Weyes Blood

The 7 must-see acts at Pitchfork Music Festival London 2023

As the clocks go back and winter draws nearer, London’s live music scene shows no sign of cooling down, with the annual Pitchfork Music Festival London set to host its third edition. 

Spanning a week from 7th to 13th November 2023, it promises to build on the enormous success of last year, with some of the most exciting acts from around the world performing in iconic venues all over the capital. With last-minute tickets still up for grabs (get yours here), here are seven acts you simply can’t afford to miss.

Ezra Collective

When: 7th November

Where: Royal Albert Hall

Ezra Collective

Credit: Press

Fresh off their historic Mercury Prize win for their album Where I’m Meant To Be, Ezra Collective will grace the stage of the Royal Albert Hall to open this year’s festival. The quintet, comprised of drummer Femi Koleoso, bassist TJ Koleoso, keyboardist Joe Armon-Jones, trumpeter Ife Ogunjobi, and saxophonist James Mollison, made history by becoming the first jazz act to win the Mercury Prize. 

It’s an accolade that has massive ramifications for the UK jazz scene. Ezra’s fusion of jazz, hip-hop, and afrobeat is impossible not to be energised by, and you’ll probably spend the entire evening on your feet. 

Weyes Blood 

When: 13th November

Where: Hammersmith Apollo

weyes blood

Credit: Getty

Weyes Blood will be closing out the festival at the Hammersmith Apollo. Her latest album explores poignant themes of social anxiety. In our review, whynow gave the album four stars, saying: “With rich vocals that are somehow both deeply emotional and entirely cut off, lyrics that are relatable without offering any advice, and music that plays with the familiar and the uncanny, the unprecedented becomes art in her hands.” 

Alabaster Deplume at KOKO

When: 10th November

Where: KOKO Camden

alabaster deplume

Credit: Press

Alabaster DePlume is a Mancunian saxophonist, composer, and spoken word artist. Known for his unique blend of ethereal jazz and poetic storytelling, it isn’t easy to place him in one category. After a misspent youth that featured a spell amongst a “strange little group” who were “happy to scare people” by carrying knives, Alabaster thankfully turned to music instead. Still, it’s a background that clearly inspired rich material for his music, evidenced in his excellent recent album, Come With Fierce Grace. 

Balming Tiger

When: 8th November

Where: Village Underground

balming tiger

Credit: Nikolai Ahn

Defying the stereotypes that have emerged in the last decade around Korean music, Balming Tiger are playing a sold-out show at the excellent, wonderfully acoustic Village Underground. Celebrated for their hits like ‘Just Fun!’ and collaborations with BTS, the band are keen to broaden the scope of how Western audiences perceive Korean musical acts. 
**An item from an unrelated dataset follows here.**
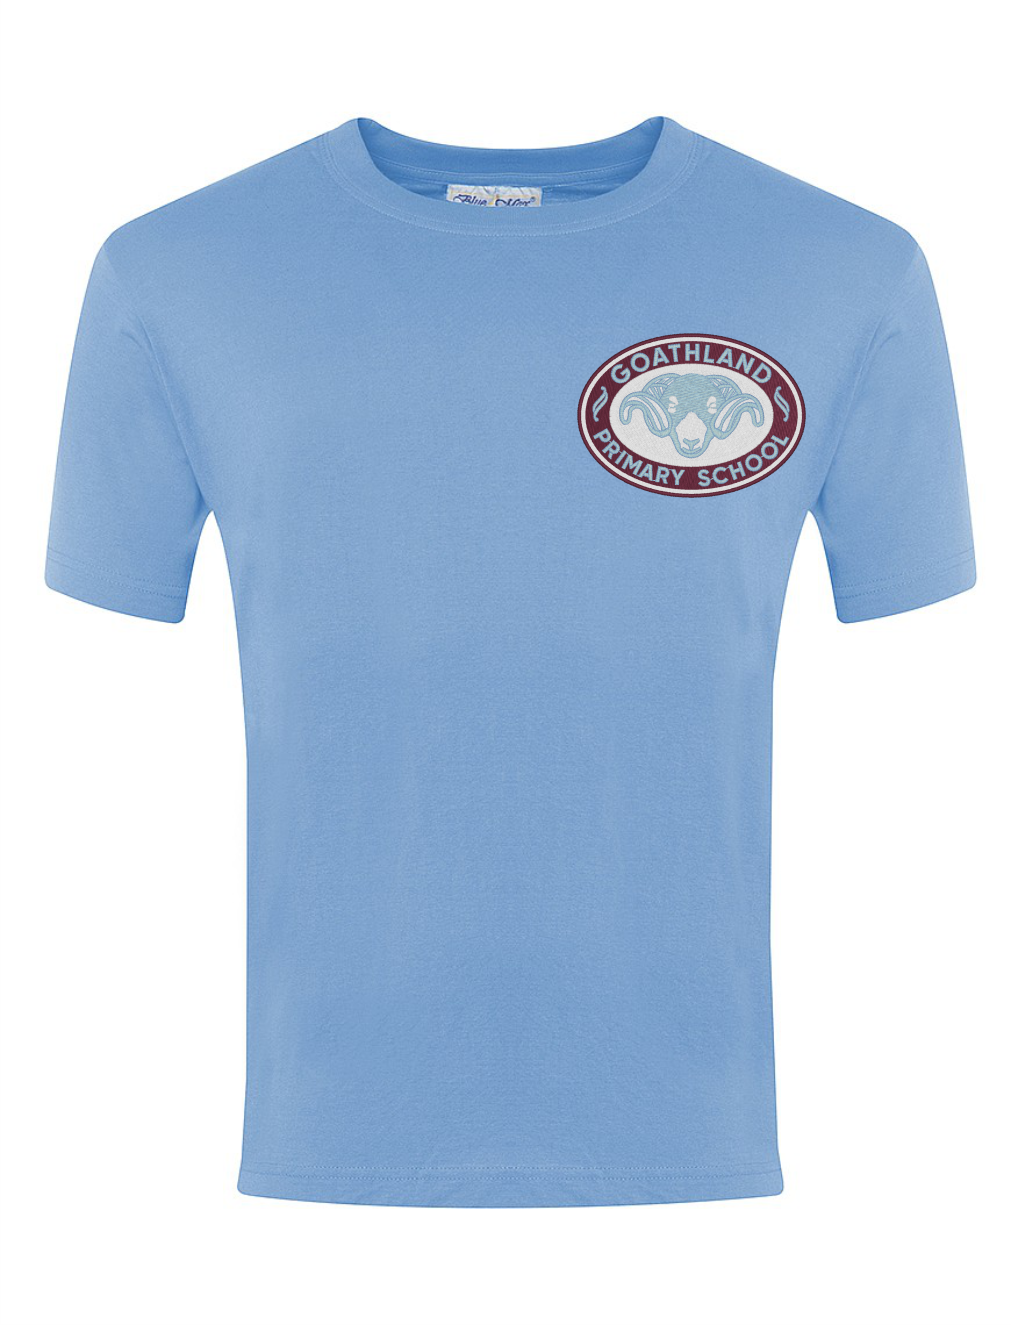 Goathland Sky PE T-Shirt

Speaking to NME, frontman Omega Sapien was particularly assertive about this: “Right now, when people think of K-pop, they think of groups like BLACKPINK, NewJeans and BTS, but as time goes on and as more artists like us emerge, the definition will naturally become more diversified. It’s just a matter of time.”


When: 11th November

Where: Roundhouse, Camden


Credit: Press

From Korea again, but this time via Brooklyn, producer and DJ Yaeji is set to grace the Roundhouse stage with her blend of house and hip-hop. Yaeji’s penchant for raping and singing in both Korean and English always makes for an electrifying show that dances between cultures and genres.


When: 10th November

Where: Roundhouse, Camden

sleater kinney

Credit: Press

Formed in Washington in 1994 and initially part of the riot grrrl movement by Corin Tucker and Carrie Brownstein, Sleater-Kinney are known for their feminist and liberal politics. Their latest project, Dig Me Out, celebrates 25 years of their breakthrough album Dig Me In, with contributions from the likes of Courtney Barnett and Wilco. 

Youth Lagoon

When: 12th November

Where: Earth Theatre

youth lagoon

Credit: Fat Possum Records

Real name Trevor Powers, Youth Lagoon has been around since 2010 but has endured a staccato career, downing tools in 2016 but reemerging in 2022 with Heaven Is A Junkyard. Powers’ music blends pop, electronic, and indie elements to create a yearning, often melancholic siren-sound. In 2021, he suffered from a debilitating illness that forced him to reconsider everything, from the musical to the metaphysical. 

Speaking to NPR, Powers mused: “But I always sensed there was something there, this greater mystery that I could feel in the wind on walks and see it in the trees and all of that. And this experience with my voice, it taught me something. I used to think that God watches people suffer, but this showed me that God actually suffers with you.”

All of this enlightened thinking really shows on Heaven Is A Junkyard, and there few better venues in London to allow its full potential to sound out than Earth in Hackney.